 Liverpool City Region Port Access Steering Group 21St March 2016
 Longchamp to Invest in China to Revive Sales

● ● ●

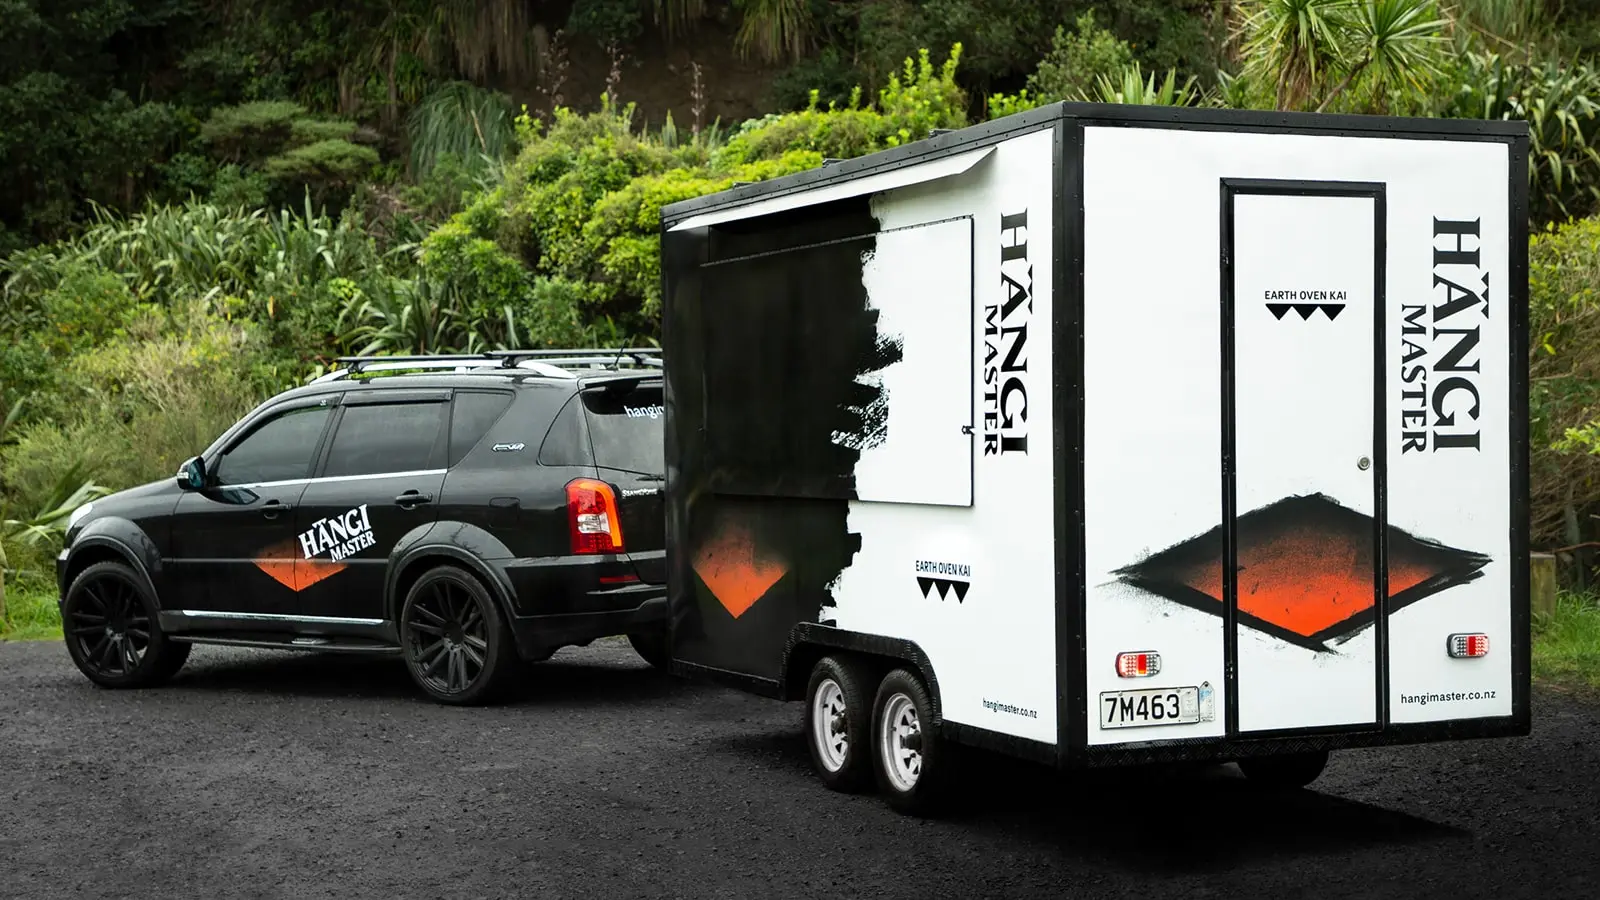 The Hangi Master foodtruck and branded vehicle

● ● ●

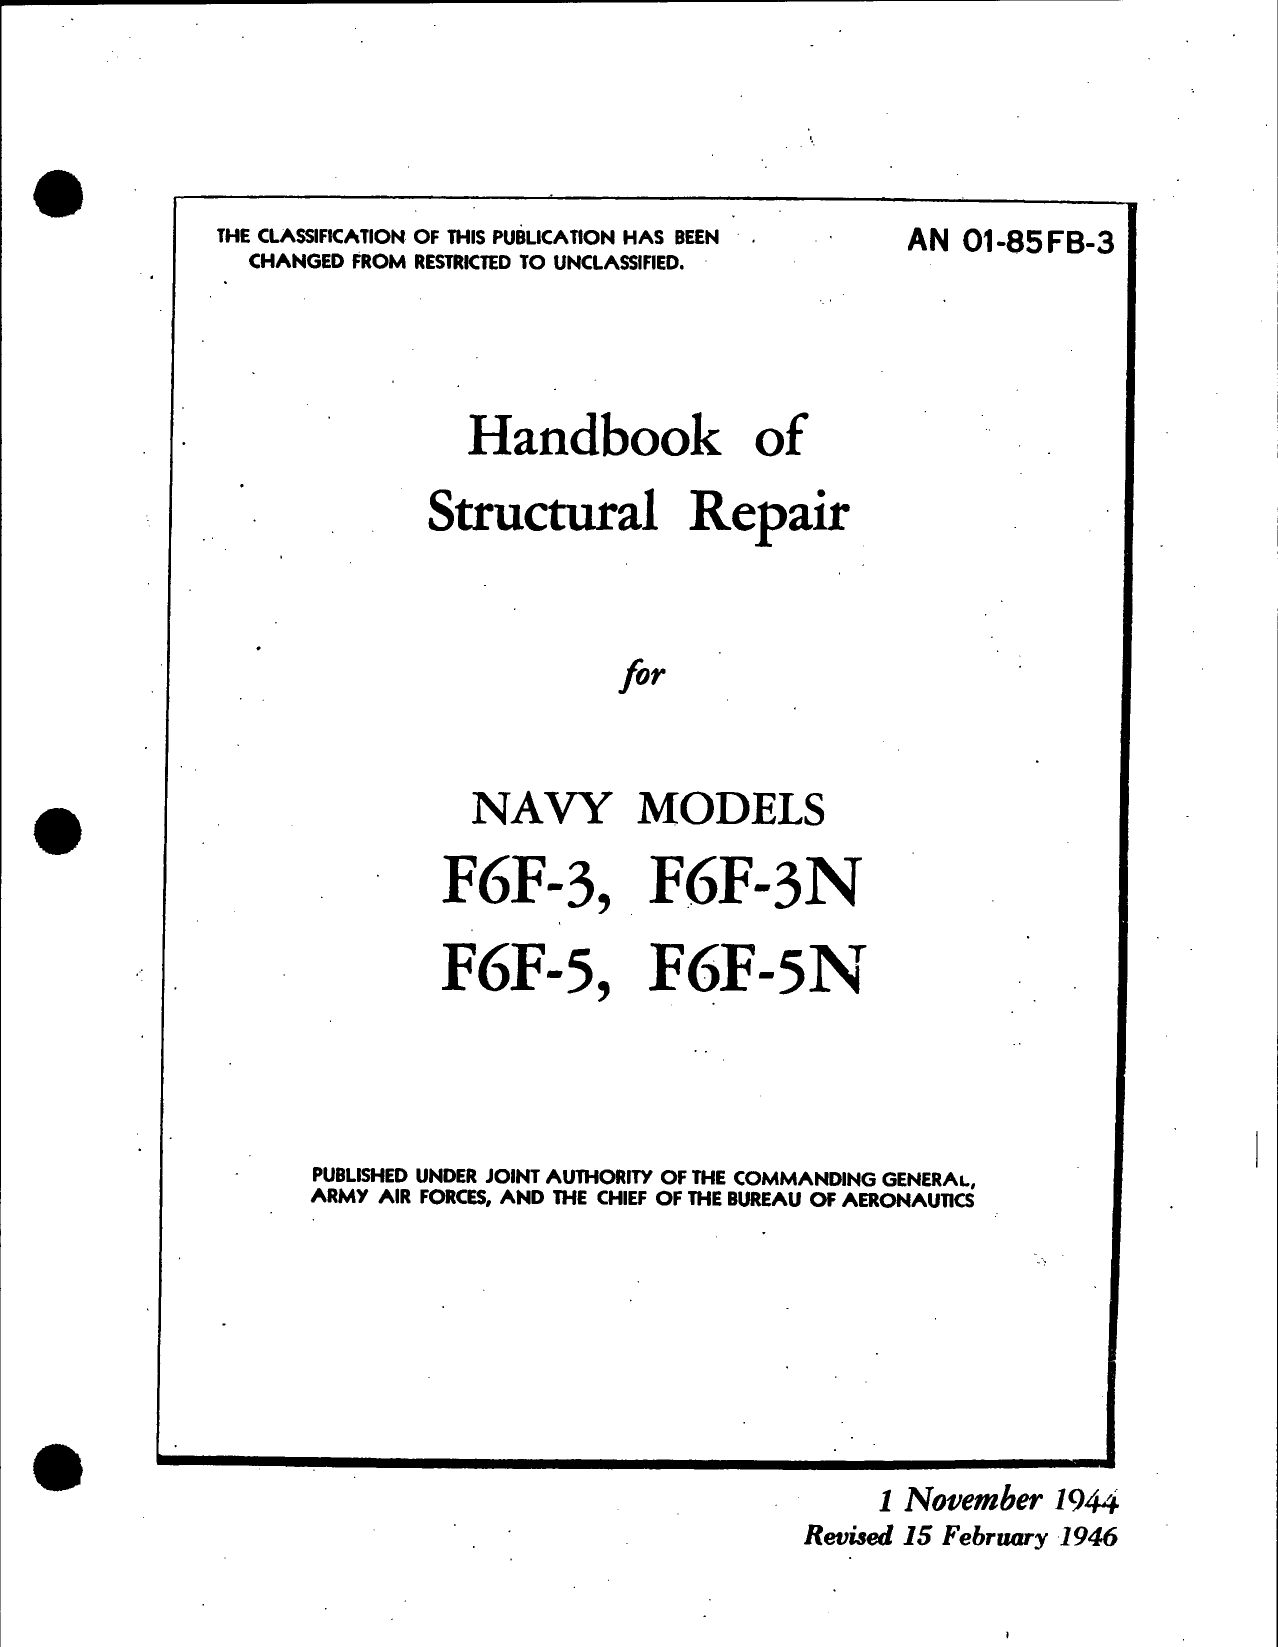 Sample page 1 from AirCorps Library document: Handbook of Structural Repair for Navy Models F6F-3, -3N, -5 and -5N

● ● ●

▶ _PROBLEM DETAILS_:
Extract from the records above the lines from the one containing "Liverpool City Region" to the one containing "Longchamp to Invest in China to Revive Sales", both lines included, exactly as they appear and with nothing else.

▶ _EXERCISE SOLUTION_:
 Liverpool City Region Port Access Steering Group 21St March 2016
 Longchamp to Invest in China to Revive Sales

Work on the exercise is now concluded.